Au Bas-Canada, l’esclavage n’est pas à la base de l’activité économique de la colonie et les esclaves sont relativement peu nombreux. « Il n’a jamais eu plus de 200 esclaves noirs dans tout le Québec, à quelques moments que ce soit » (p. 96). Pour ces raisons, on n’y retrouve donc pas les caractéristiques propres à « l’institution particulière » du Sud des États-Unis où des codes noirs encadrent de façon très autoritaire les esclaves, qui sont nombreux et nécessaires à l’exploitation des plantations. Au Québec, selon Mackey, les Noirs bénéficient d’une relative liberté de mouvement ; il n’y aurait jamais eu, par exemple, de surveillants engagés pour limiter la mobilité des esclaves ou d’obligation pour les Noirs de porter sur eux un permis de déplacement émis par leurs propriétaires ou attestant de leur statut d’homme libre.

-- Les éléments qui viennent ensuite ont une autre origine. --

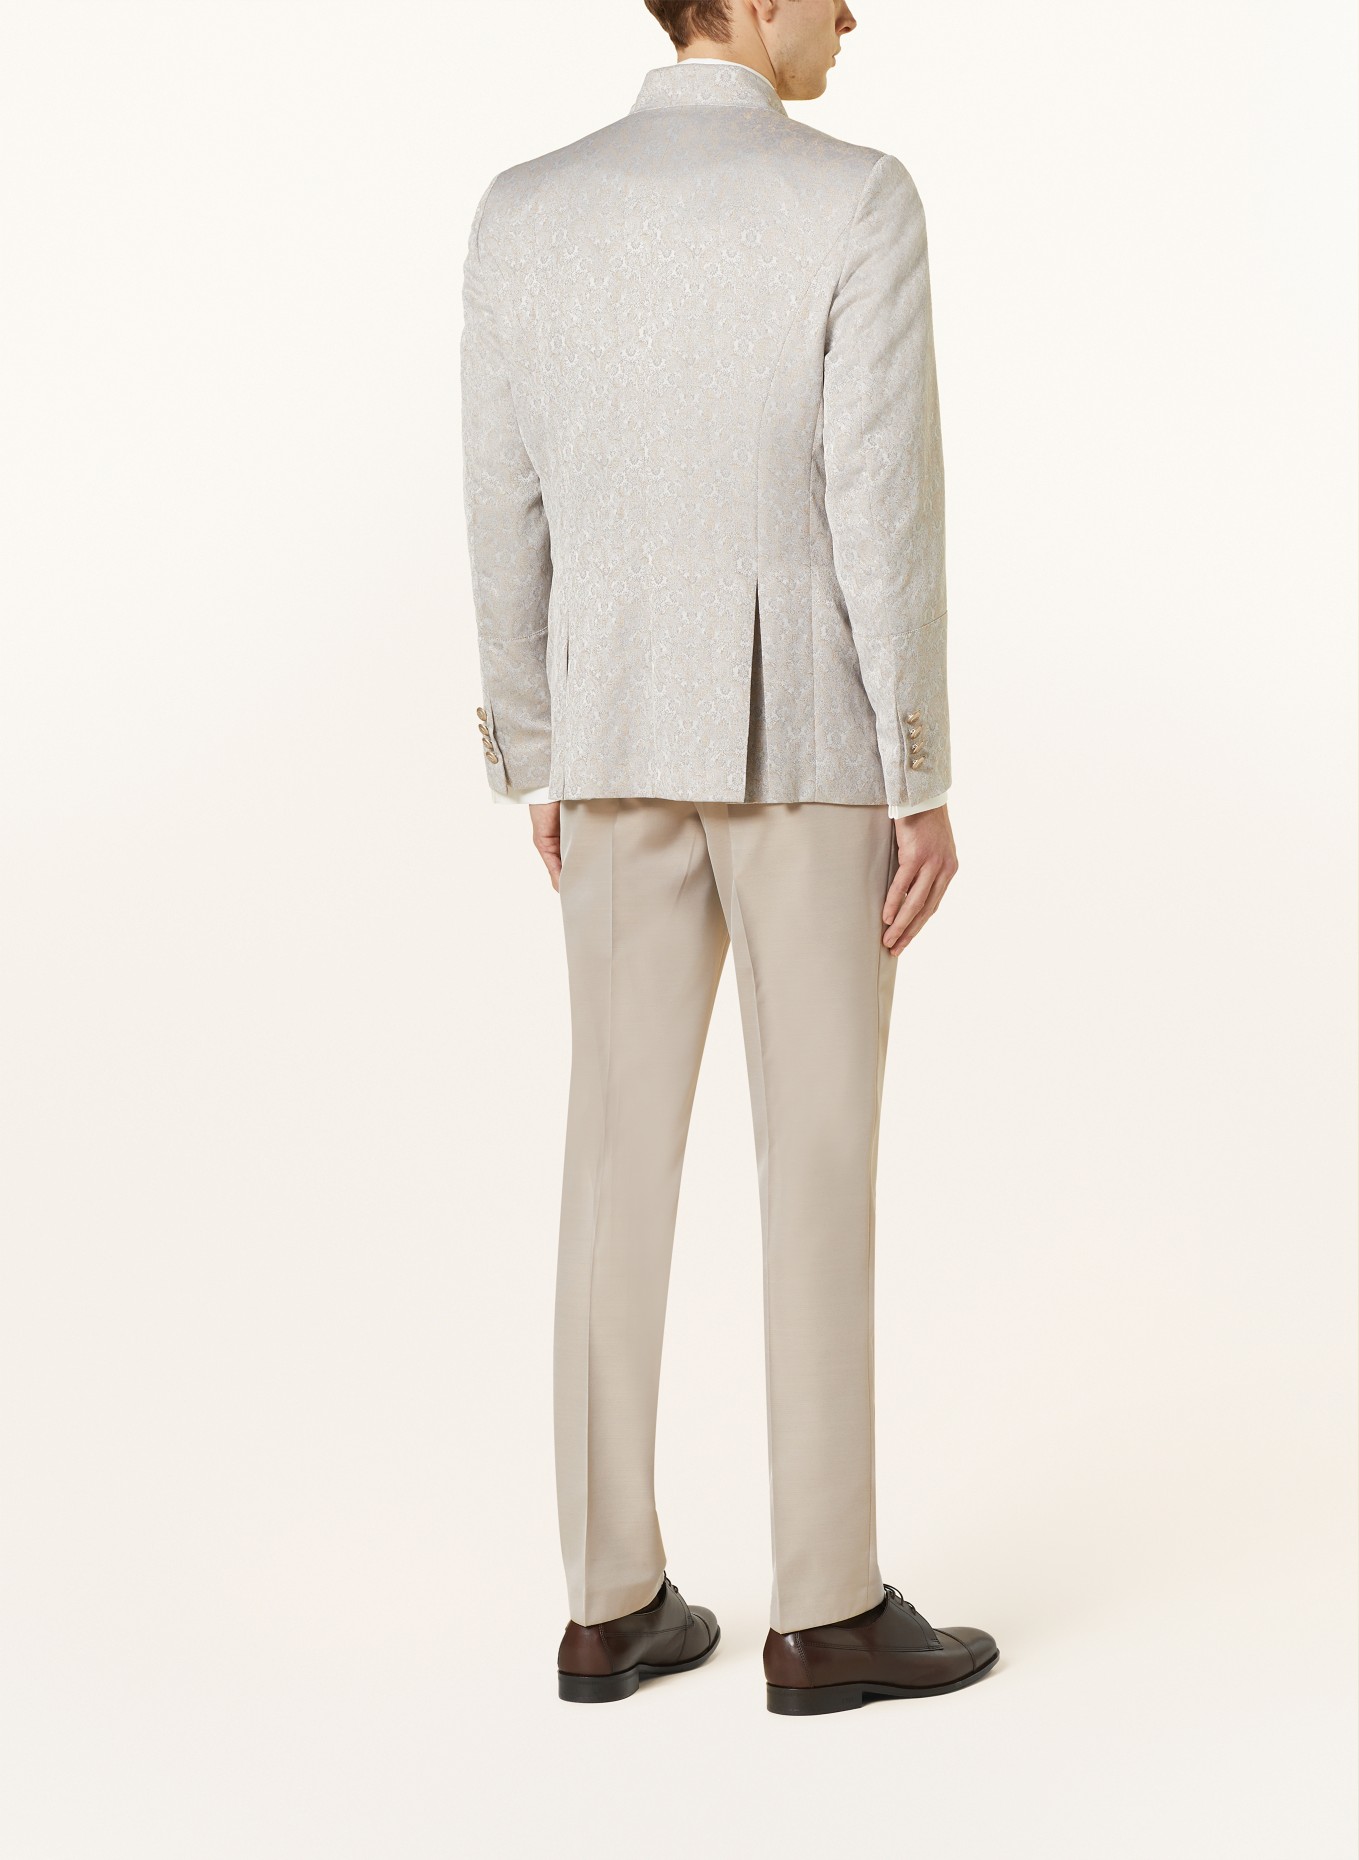 WILVORST Tailored jacket extra slim fit, Color: 083 Beige gem. (Image 3)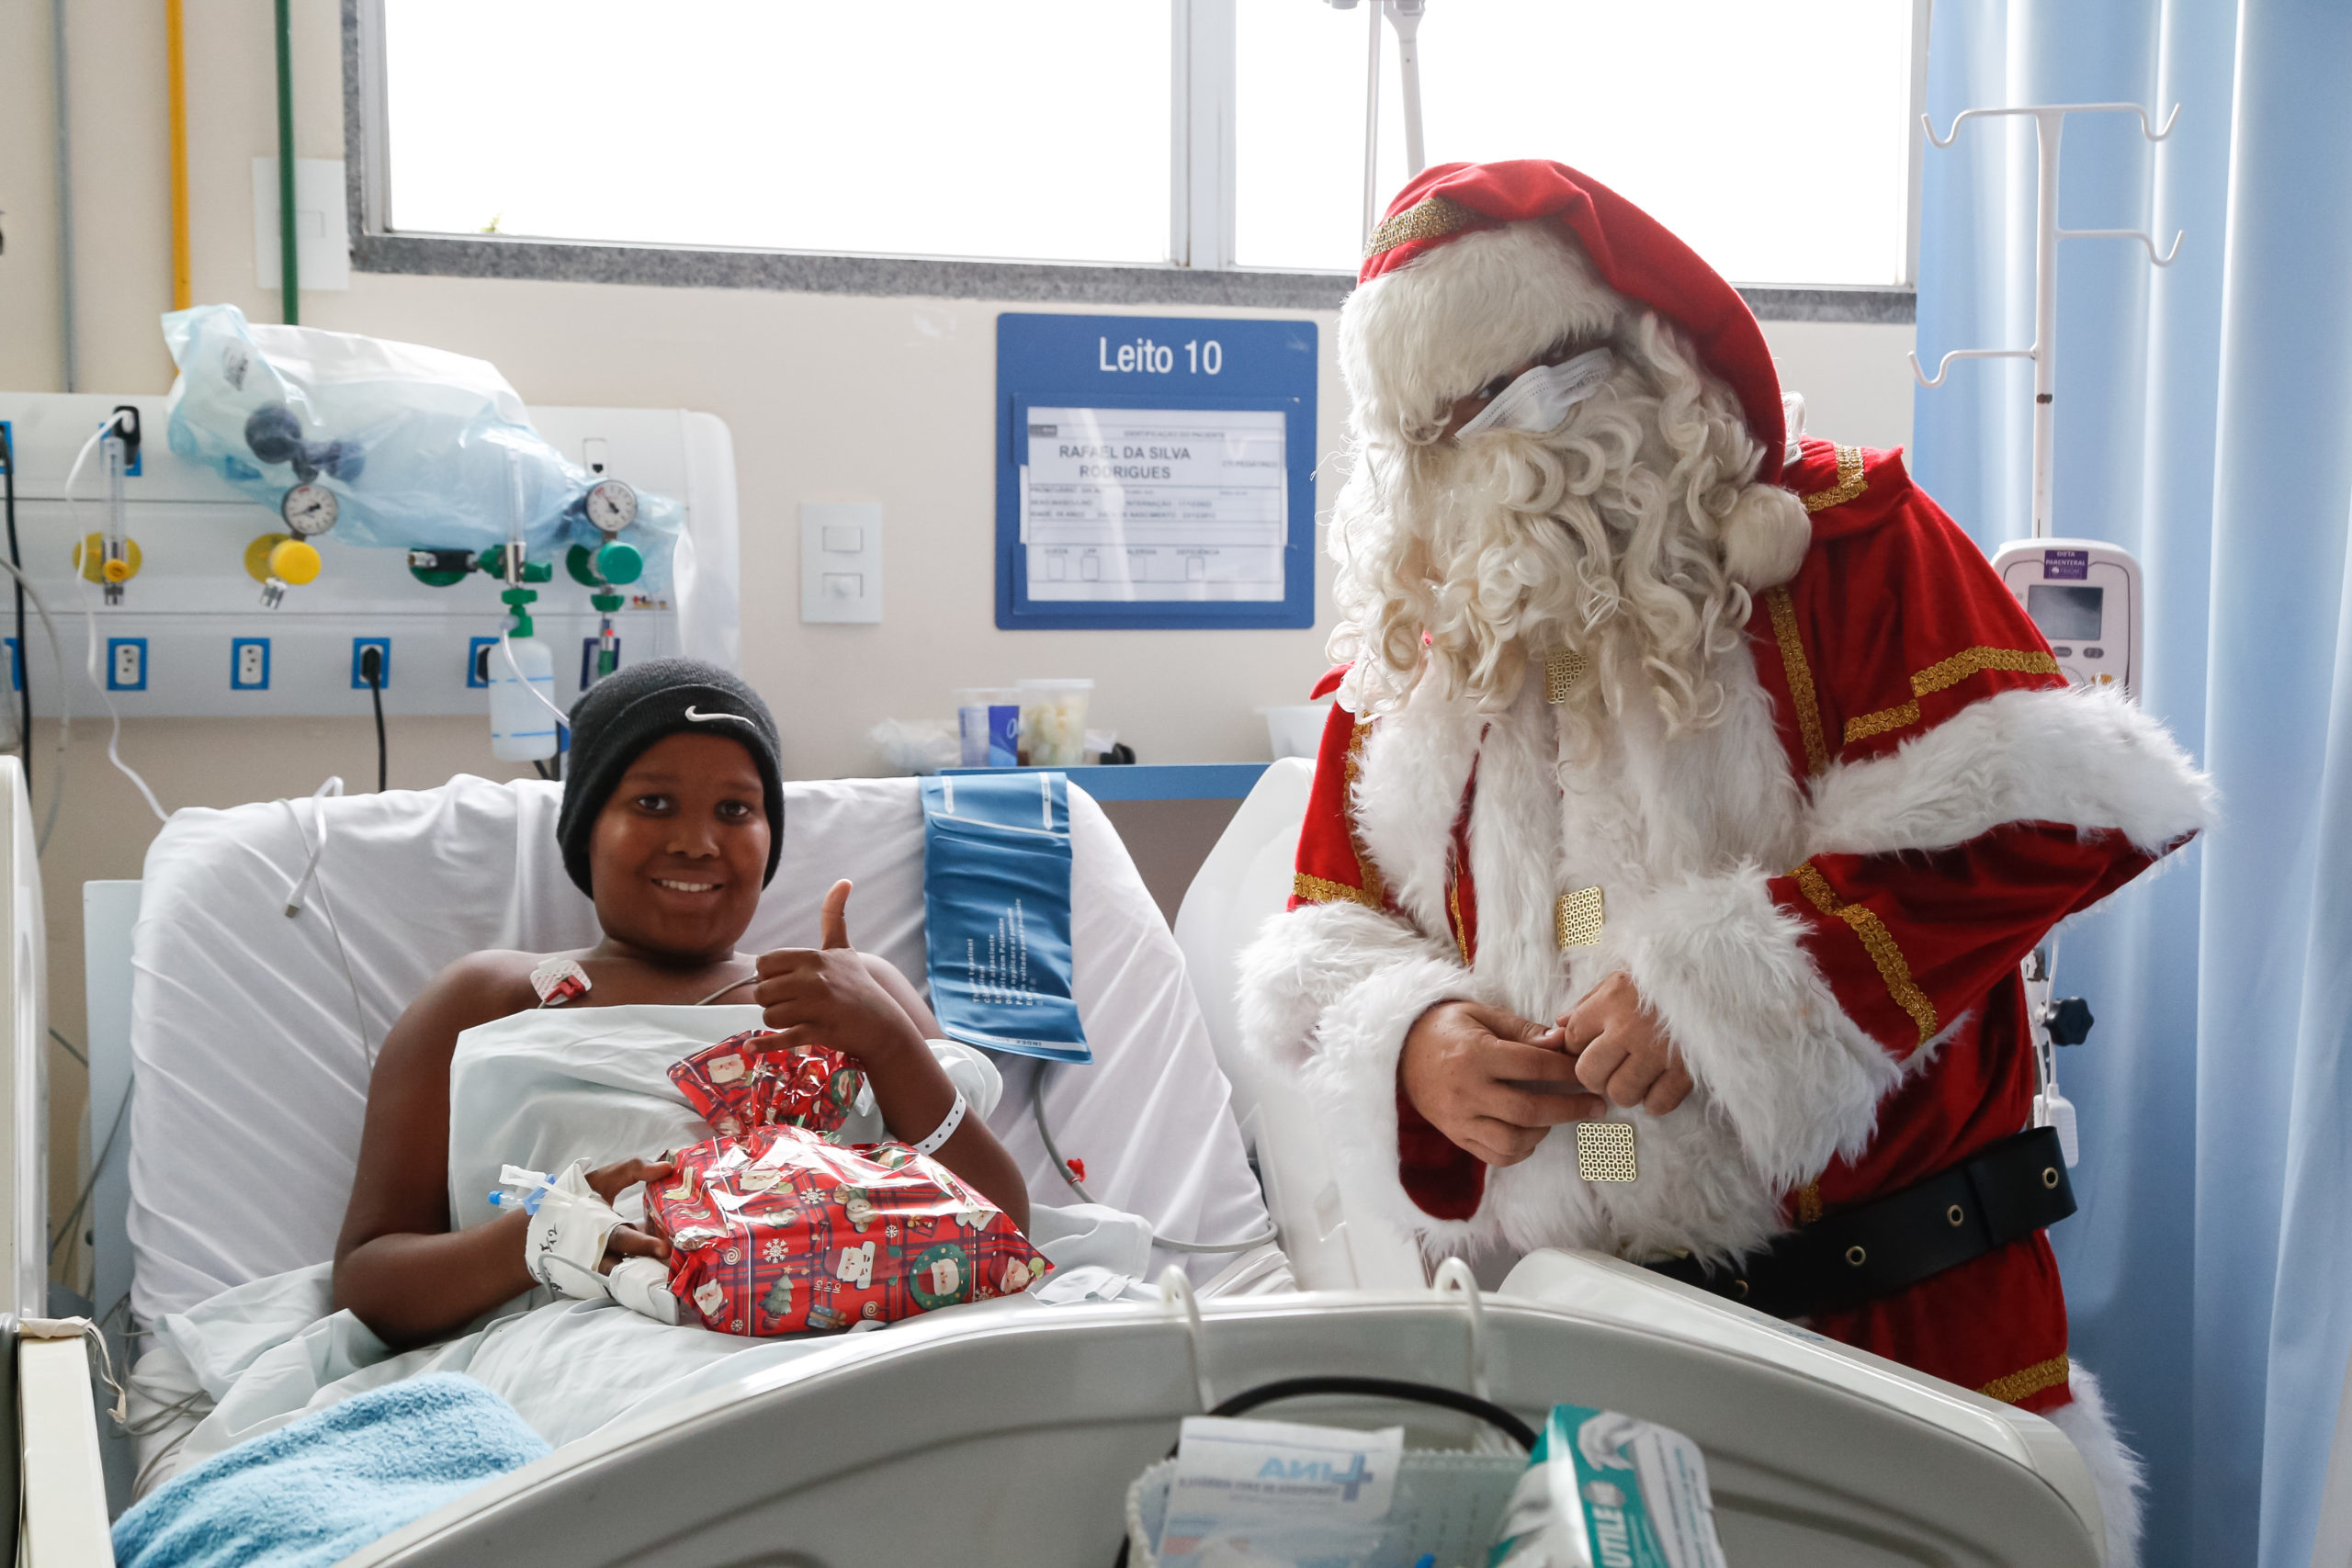 Papai Noel leva magia do natal a pacientes do Souza Aguiar, no Centro do Rio

De la même façon, le caractère extrêmement violent du système esclavagiste américain ne semble pas trouver d’équivalence au Québec.

La deuxième partie du livre est tout aussi pertinente, car elle tente de combler un vide historiographique important, soit l’histoire des Noirs durant les quatre premières décennies du 19e siècle. En effet, jusqu’à ce jour, les historiens avaient surtout étudié le 18e siècle, correspondant à l’ère esclavagiste, et la fin du 19e siècle, correspondant à l’arrivée des immigrants noirs américains venus travailler dans les gares de Montréal. Mackey retrace la présence de ces oubliés de l’histoire qui, au début des années 1800, occupent des métiers variés : cordonniers, coiffeurs, cuisiniers, etc. Ils sont particulièrement présents sur les bateaux à vapeur circulant sur le fleuve Saint-Laurent, agissant comme serveurs, cuisiniers et cireurs de chaussures. Mackey révèle aussi le récit individuel de certains Montréalais noirs qui se sont particulièrement démarqués. Notons le parcours fascinant d’Alexander Grant, barbier-coiffeur de métier, que Mackey considère comme l’un des premiers leaders de la communauté noire montréalaise, et John Trim, investisseur prospère dans le domaine immobilier qui, fait à noter, épousa une blanche canadienne-française. Il semble que ces mariages interraciaux n’étaient pas si rares au début du 19e siècle ; Mackey en recense une vingtaine.

Enfin, l’un des mérites de ce livre est de révéler certains aspects méconnus de l’histoire des Noirs et de Montréal en plus d’encourager d’éventuelles recherches dans le domaine. Mackey démontre que les archives retraçant la présence des Noirs au Québec sont étonnamment foisonnantes. Plus de 130 pages de son livre sont consacrées aux références et aux sources primaires utilisées. Notons que l’édition originale anglaise en contient davantage avec quatre annexes de sources primaires. Ces archives n’attendent que la venue de curieux et dynamiques chercheurs pour les analyser et les (ré)interpréter.